The Time of the Pirates / Seuls les pirates
Gaël Lépingle, France, 2018, 89m
French with English subtitles
North American Premiere
Winner of the Grand Prix in the French competition at FIDMarseille, The Time of the Pirates boasts a structure that is at first vignette-based and patchwork before it quickly settles on a focal thread: the story of Géro, the spunky owner of a community theater troupe in the Loire Valley. As the local government threatens to demolish his house and theater to make way for public housing, the anarchy-loving actor, undeterred after losing his voice from his battle with cancer, plots an idiosyncratic defense against the forces that threaten to drain the life from both of his homes. Gaël Lépingle (Julien) rounds out this earnest and vibrant mosaic of quotidian resistance with Géro’s aspiring-playwright nephew Léo and a cohort of like-minded friends and refugees.

The Truk
Sarah Marx, France/Ukraine, 2018, 83m
French with English subtitles
North American Premiere
After being released early from prison, Ulysse (Sandor Funtek, Blue Is the Warmest Color) must take over as the primary caregiver for his mother (devastatingly fleshed out by Sandrine Bonnaire), who is undergoing treatment for severe depression. Confronted by overwhelming debts and health-care costs, Ulysse reconnects with an old friend who plans to covertly sell ketamine from a food truck at an EDM festival. As Sarah Marx widens the range of parties involved in this drug ring, she emphasizes the broader contexts that give rise to their increasingly cutthroat desperation, throwing Ulysse’s precarious solution into jeopardy. The film’s handheld camerawork grounds each scene in a fragile immediacy evoking the Dardennes in this stinging debut feature about the bitter casualties of class disparity.

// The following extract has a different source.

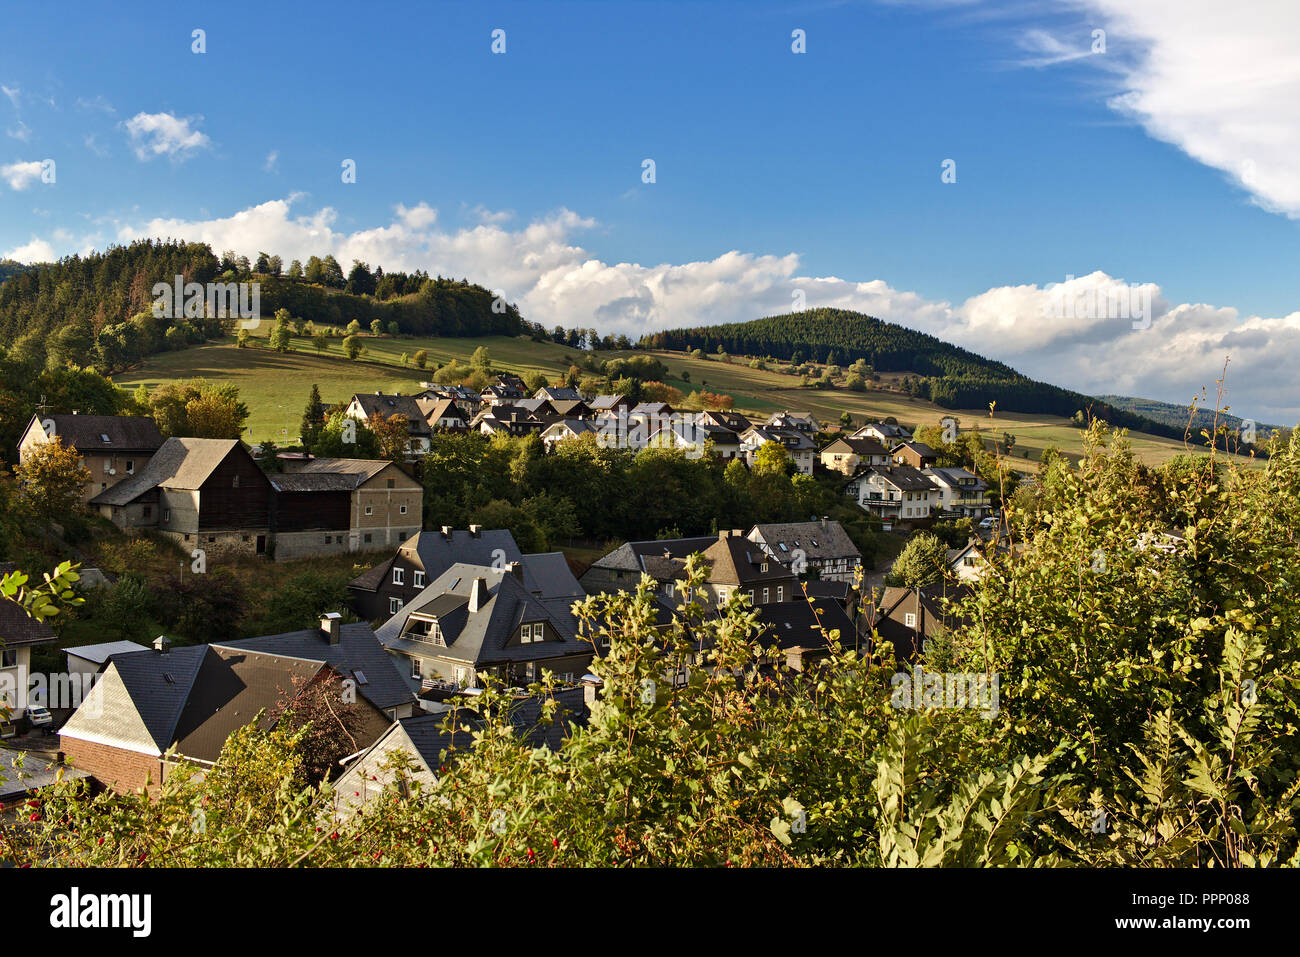 Rasa, Allemagne - petit village niché dans les collines verdoyantes de la région du Sauerland avec collines boisées et ciel bleu en arrière-plan Banque D'Images

When Margaux Meets Margaux / La Belle et la belle
Sophie Fillières, France, 2018, 97m
French with English subtitles
New York Premiere
This irresistible fantastical tale from Sophie Fillières (If You Don’t, I Will, Rendez-Vous 2014) centers on a chance meeting between an impulsive but aimless twentysomething named Margaux (Fillières’s daughter Agathe Bonitzer, Right Here Right Now) and a disenchanted fortysomething who’s not only coincidentally named Margaux (Sandrine Kiberlain, Tip Top)… but also is Margaux. Accurately pulling from her past self’s proclivities, social circles, and future life events, the wiser Margaux revisits her memories and regrets to give herself retroactive advice and, possibly, a way to start over, including a stirring romance with a handsome suitor (Melvil Poupaud). From this surreal premise, Fillières crafts a lovingly philosophical ode to our personal paths and stumbles through love and life.

Whatever Happened to My Revolution / Tout ce qu’il me reste de la révolution
Judith Davis, France, 2018, 88m
French with English subtitles
North American Premiere
Angèle’s parents first fell in love on the front lines of Maoist protests; now they are separated, and Angèle, an idealistic urban planner, struggles with the compromises her family has made in exchange for comfortable lives. Actress Judith Davis’s playful and passionate feature directorial debut follows Angèle, played by Davis herself, into a contemporary Paris that missed the revolutionary memo, long after the movements sparked by May ’68 have faded into history. Fueled by a bleeding activist heart that sometimes backs her into a corner, Angèle strives to reconcile her radical values with relatives who are trending more and more bourgeois. And faced with the opportunity to reconnect with her estranged mother (Mireille Perrier, J’entends plus la guitare), who has retreated from the dreams that Angèle is now pursuing, she locates the strength of her convictions in her dedication to meaningful interpersonal connection.